I agree. On top of this is the way in which we raise our kids with constant supervised play. Rather than spend days out in the street with the neighbours kids, we now have scheduled activities and parents also attend kids birthday parties with them rather than drop them off. I understand why things have changed, but it adds even more to the time spent raising our children.
I have recently had my last child (4 months old) and while getting some more time back is some time away, it feels amazing to know that as he gets older, I won't go through this relentless phase again and we will get more and more of our lives back - only now with some beautiful little people in them too :)

Annette 6 years ago

Back in my day we didn't have a village to suppot us but we had friends who were all in the same boat. We didn't have Mothers groups as such we just got together at someone's house and talked while the kids played. It was all very relaxed and informa. Mind you there was no pressure for two incomes because utilities were cheap and cost of living manageable.
But it's a long haul nevertheless and full of joys and woes.
I would never criticize anyone for deciding not to have children.

TwinMamaManly 6 years ago

Agree. The human condition in its entirety is complex! And our modern society is not exactly an environment that is kind and compassionate.


LRtalks 6 years ago

Am I meant to feel sorry for these people? Am I meant to "be supportive" and "not judge" them? I too have felt the extreme discomfort of being a parent. I have had to sacrifice many, many things. And yet, I've chosen to recognise those difficulties and frame my response, choose my attitude and own my new reality. I wouldn't consider myself a good parent or person because of this, because none of the magical parents you see around you are any different -- all of us are facing the struggles, but also embracing the joy.

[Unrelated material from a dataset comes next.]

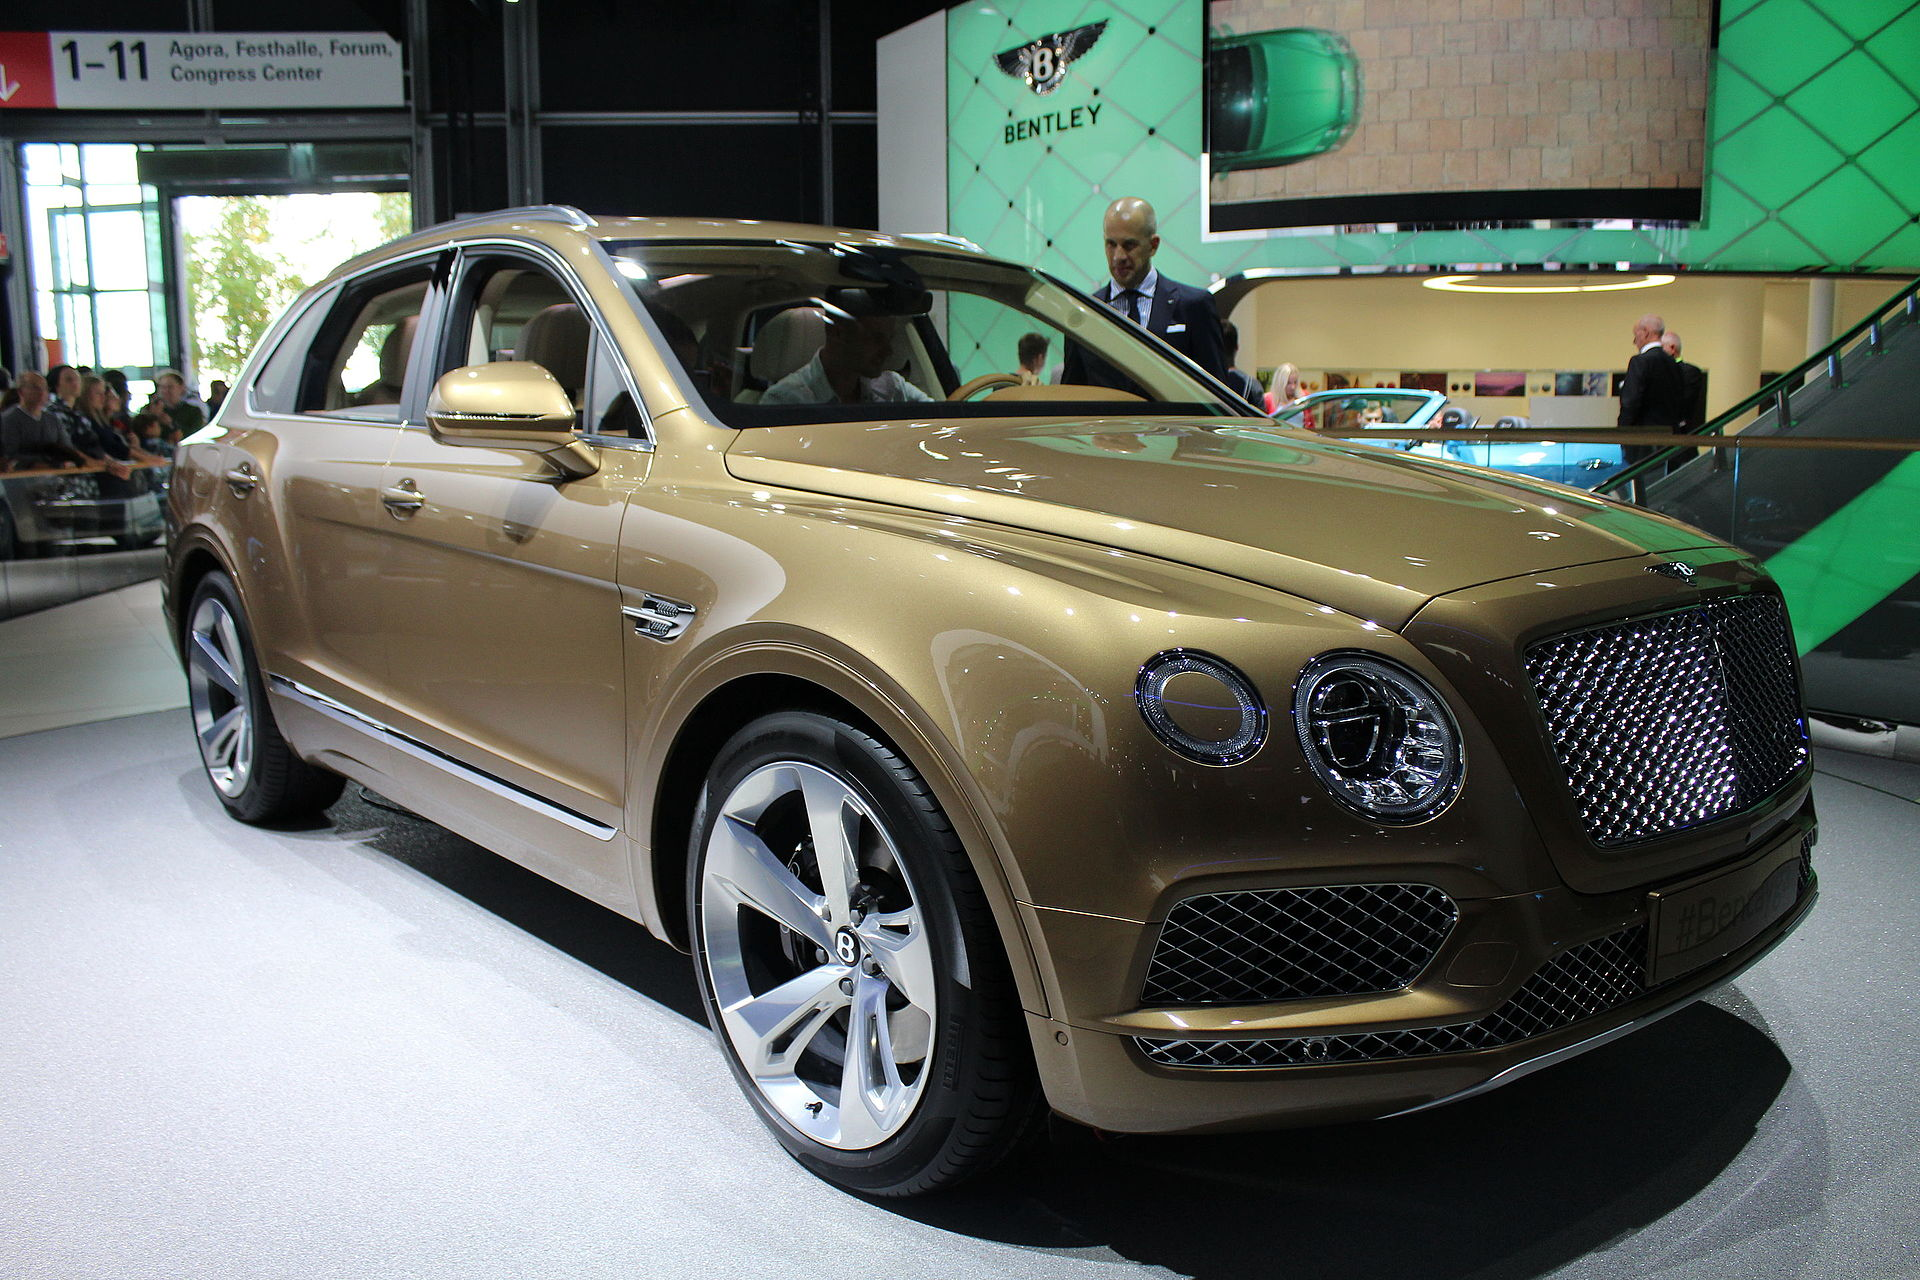 Range Rover Suv >> Bentley Bentayga - Wikipedia

That is what it means to be human, not just a parent. Life brings challenges. It requires sacrifices. It demands change, flexibility, and managing the disappointments. Those who resent their children for ruining their lives would likely feel the same if they had a crippling accident, or cancer, or lost their job. Mental resilience and growth is the key to being a good parent and fighting past self-pity. All of us have that ability but not all of us will make use of it. Those who don't are doomed to an unhappy life, with or without children.

Guest 6 years ago

Yep, but unlike cancer, a crippling accident or workplace redundancy, having children is generally thought of as a positive, gratifying, affirming experience (in spite of it being hard work and involving sacrifice). It's all well and good to say we should all make lemonade from lemons, but when you're having to make the best of a bad situation within a context that is not usually equated to having a terminal illness, you can see where people struggle.

HailieJade 6 years ago

No-one tells a person they are foolish or immature or "missing out" if they don't want to get cancer or be involved in a car accident. Some people know, deep in their gut, that parenthood is probably not something they would particularly enjoy, but they are pressured into doing it anyway by a society which views parenthood as the ultimate calling for everyone, especially women. Then when these people who never really wanted kids discovered that they were right all along and they actually do hate being a parent, they are shamed into silence and forbidden from admitting it for fear of being labelled a monster. These people feel ripped off and lied to by a society that promised them that "it's different when they're your own!", and have learned the hard way that that's not always the case. I'd be angry too!